Les employés de la Société des Eaux de Guinée (SEG) ont paralysé, lundi 24 novembre, les activités du siège de Kaloum pour dénoncer une inégalité salariale qu’ils jugent flagrante. Face à la pression, le ministre de l’Hydraulique s’est rendu sur place et a exigé l’organisation d’élections syndicales dans un délai de deux semaines.
Ce lundi 24 novembre 2025, la tension est montée d’un cran au siège de la Société des Eaux de Guinée (SEG), à Kaloum. Des dizaines de travailleurs ont observé un arrêt total des activités pour réclamer une augmentation de salaire et dénoncer ce qu’ils qualifient d’“injustice” au sein de l’entreprise depuis plus de deux ans.
Selon leur porte-parole, Mamadouba Camara, l’inégalité est manifeste.

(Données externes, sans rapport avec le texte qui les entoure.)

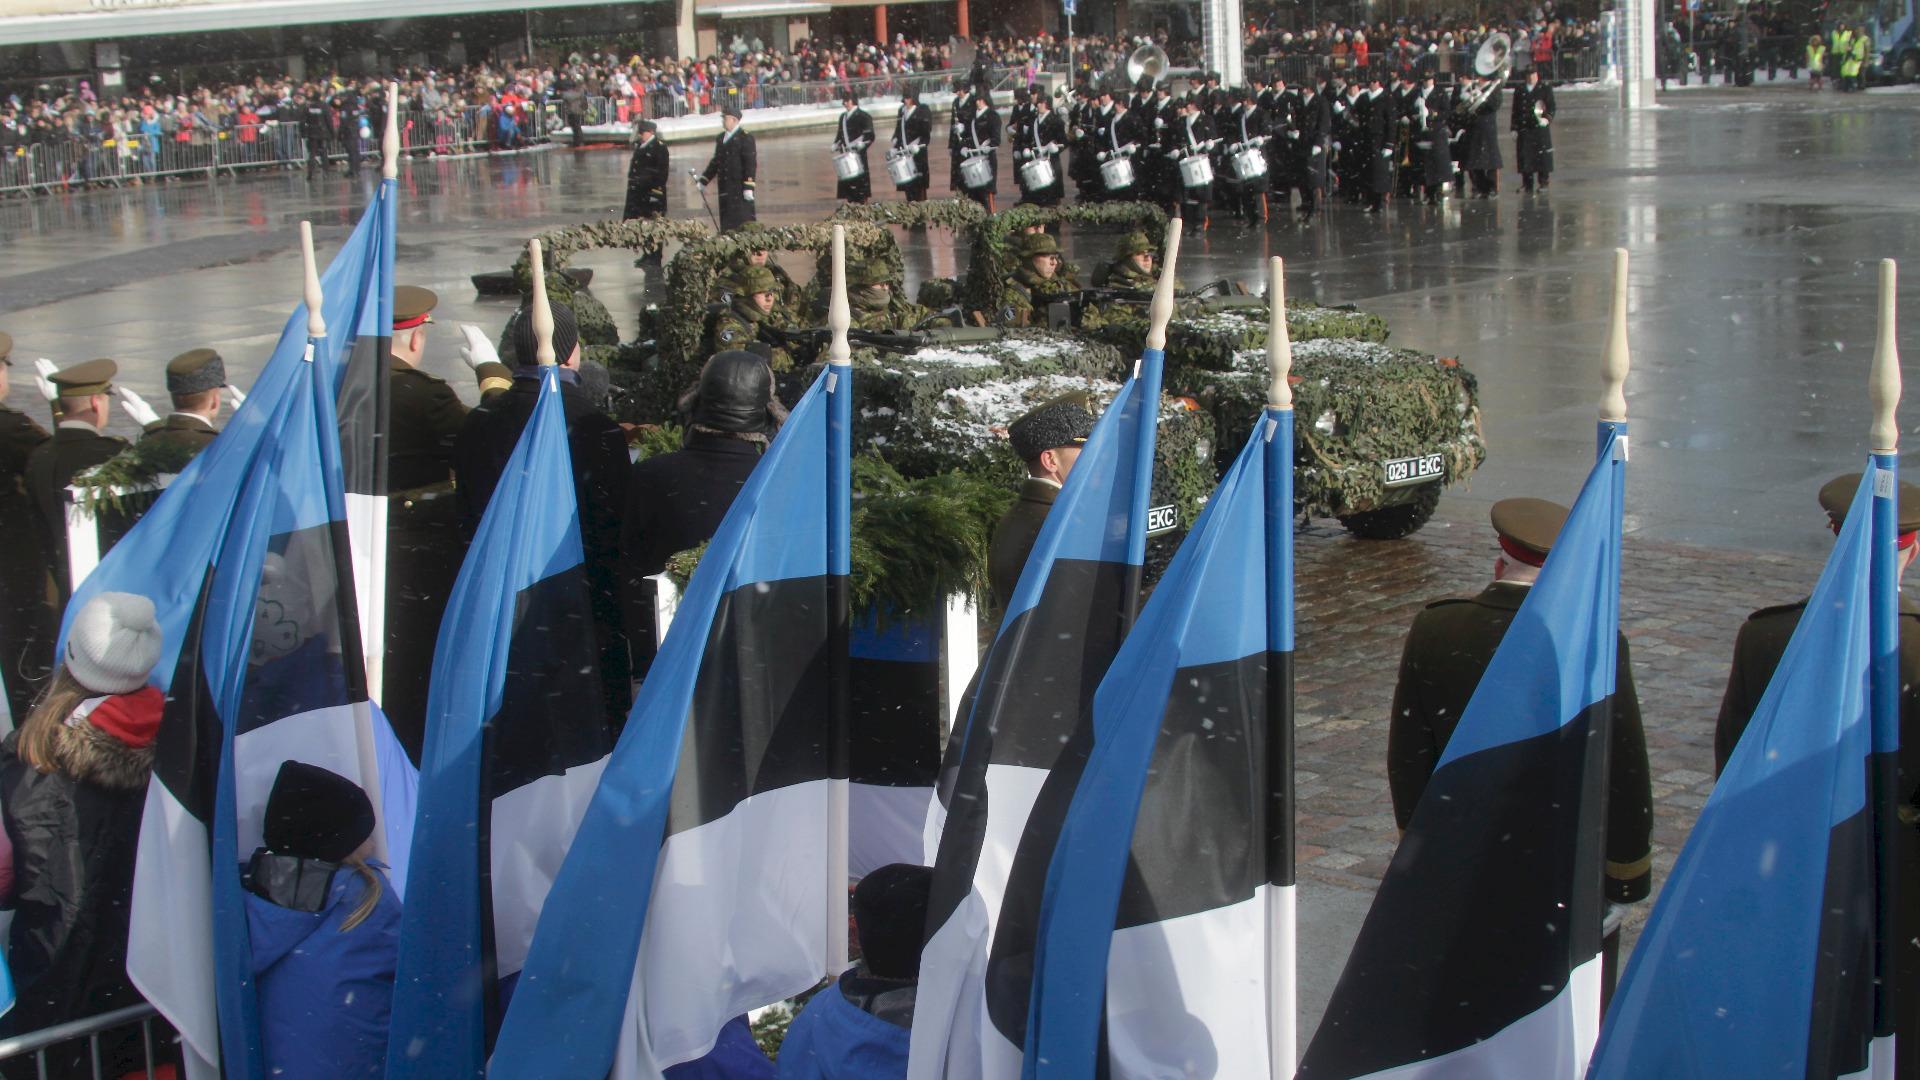 Естония отбеляза вчера стотната годишнина на независимостта си с голям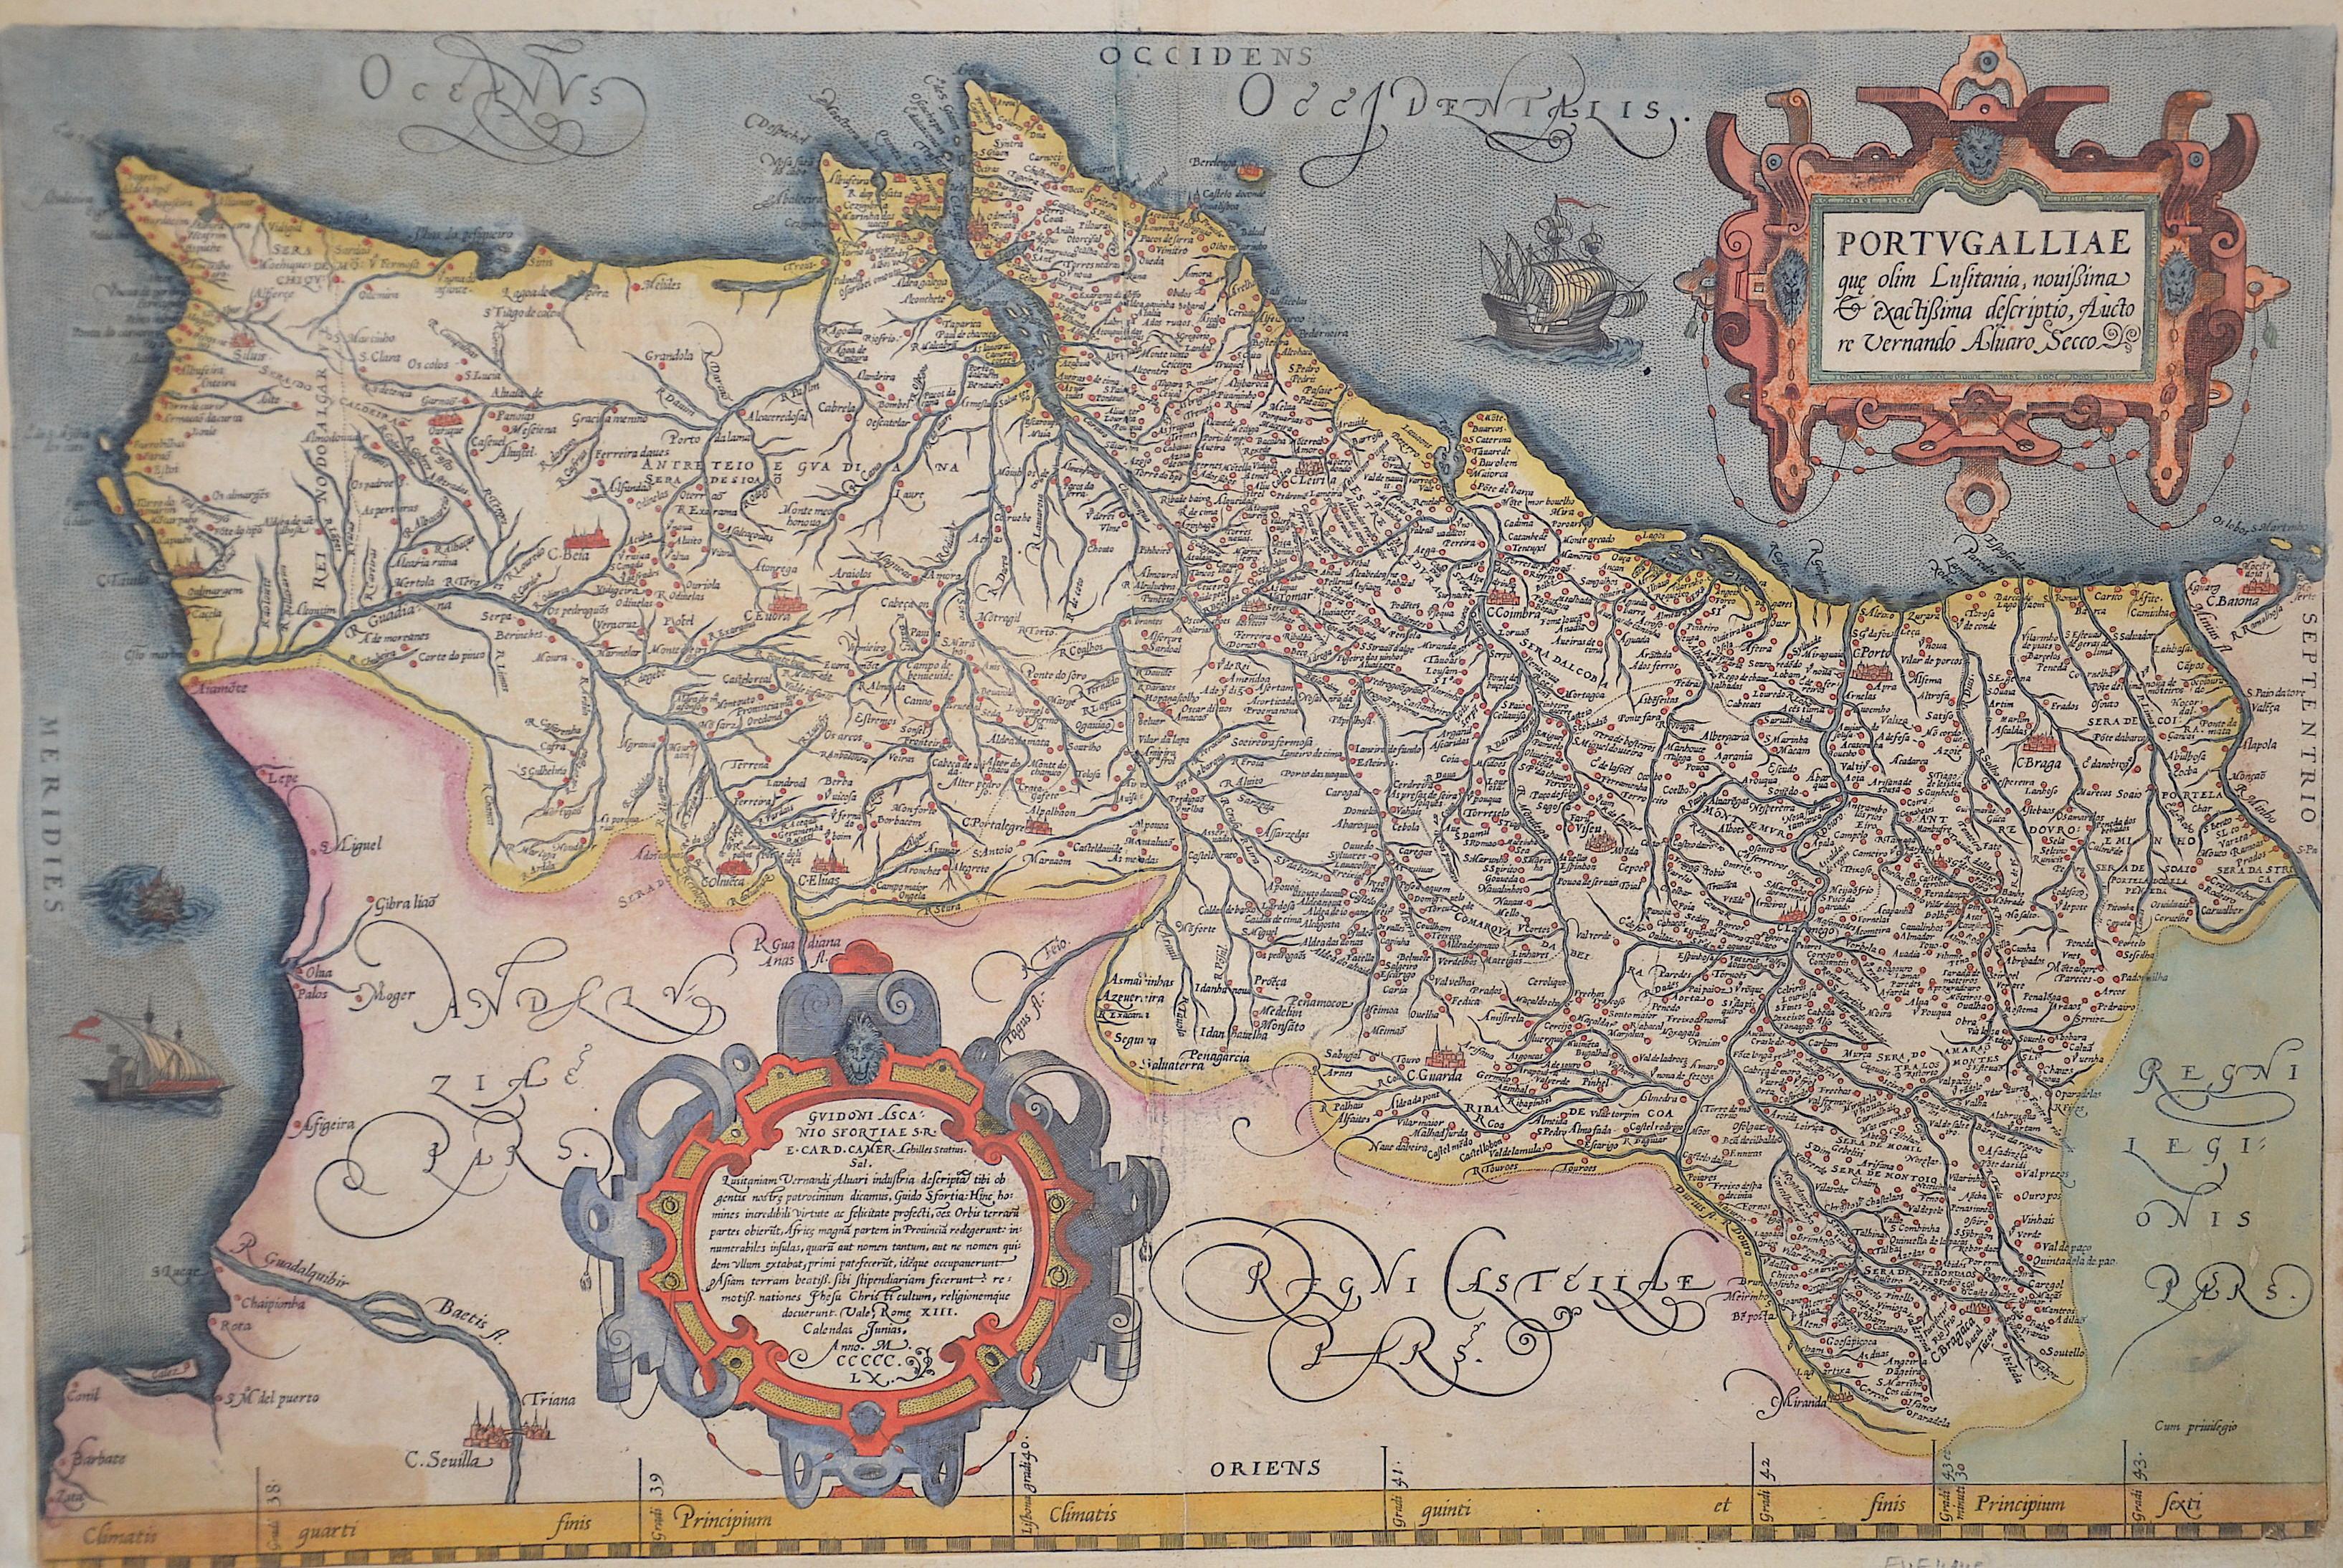 Ortelius Abraham Portugalliae que olim Luisitania, nouißima exactißima descriptio,  Auctore Vernando Aluaro Secco.

« Il y a deux ans et quelques, seulement 22 employés sur les 680 que compte la SEG ont bénéficié d’une augmentation de salaire. Les autres n’ont rien eu. C’est pourquoi nous avons décidé de nous faire entendre devant le siège pour dénoncer cette injustice », a-t-il expliqué.
Le mouvement, annoncé comme illimité, pourrait s’étendre si les revendications ne sont pas satisfaites.
« Tant que nos revendications ne seront pas prises en compte, la grève continuera jusqu’à satisfaction. C’est nous qui sommes sur le terrain, sous le soleil, sous la pluie. S’il y a une augmentation, elle doit d’abord nous revenir », a ajouté M. Camara, affirmant que toutes les activités sont désormais suspendues.
Face à la mobilisation, le ministre de l’Hydraulique, Aboubacar Camara, s’est rendu sur les lieux pour tenter d’apaiser les travailleurs. Il a notamment mis en cause le dysfonctionnement de la représentation syndicale au sein de la SEG.
« Quand je suis arrivé, j’ai trouvé un syndicat dont le mandat était échu depuis deux ans. J’avais demandé au Directeur Général de prendre les dispositions nécessaires. Le syndicat aurait dû jouer son rôle pour aplanir les divergences entre la Direction et les travailleurs, mais cela n’a pas été fait », a-t-il regretté.
Le ministre a ensuite annoncé un ultimatum : deux semaines pour organiser des élections et mettre en place un nouveau syndicat représentatif. Une rencontre a également été programmée dans son département avec une délégation de travailleurs afin de poursuivre les discussions.
En attendant, les employés restent déterminés : sans réponse concrète, la paralysie de la SEG pourrait se prolonger, au risque d’affecter l’approvisionnement en eau dans plusieurs zones de la capitale.